Note: The negative control will show you the number of “background” colonies so that you can determine whether your transformation worked, or is just the result of selection failure.
Note 2: This method can be used for ligations, where construction is very straight-forward and your DNA material is highly concentrated. It works well for "forced" ligations (sticky overhangs, no unwanted annealing)

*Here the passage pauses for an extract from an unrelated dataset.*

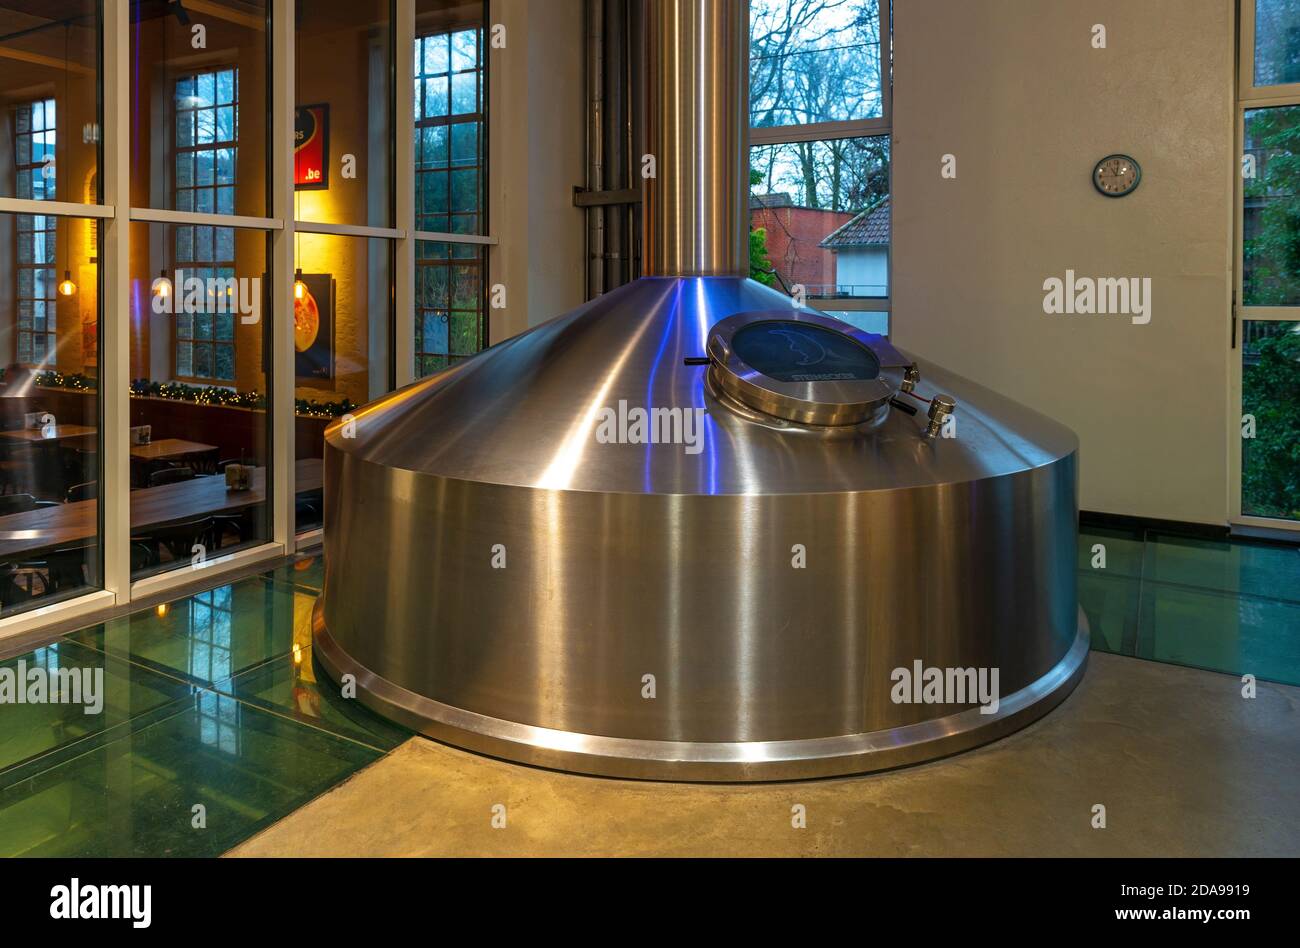 Stainless steel beer tank in the beer brewery of the Halve Maan (Half Moon), Bruges, Belgium. Stock Photo

Quick Method: Chemically competent cells + iGEM Registry sample

  1. Warm selection agar plates at 37°C (one for each plasmid, plus one for a zero plasmid control) for at least 15 min.
  2. Incubate DH5α Turbo competent cells on ice just until thawed. You will need 30 μL cells per plasmid sample.
  3. Locate the desired well in the Registry plate. Inject 10 μL sterile dH2O into the well and pipette up and down to resuspend the dried DNA and indicator dye. Transfer each DNA solution to a sterile 0.5 mL tube.
  4. Make a "negative control" sample by simply putting 10 μL sterile dH2O in a tube without DNA.
  5. Add 30 μL thawed cells each tube of diluted DNA (and the negative control). Immediately place on ice and incubate for 10 min. (Do not heat shock; No 30 min. recovery is required for Amp or Kan resistance)
  6. Label the pre-warmed plates with the antibiotic name, strain name, DNA name, your initials, and the date.
  7. Pipette the total volume of cells + DNA onto the agar; spread using sterile glass beads.
  8. Incubate the inverted plate(s) overnight at 37°C to get colonies. Seal the plate with parafilm and store the plate at 4°C (inverted).

Note: The negative control will show you the number of “background” colonies so that you can determine whether your transformation worked, or is just the result of selection failure.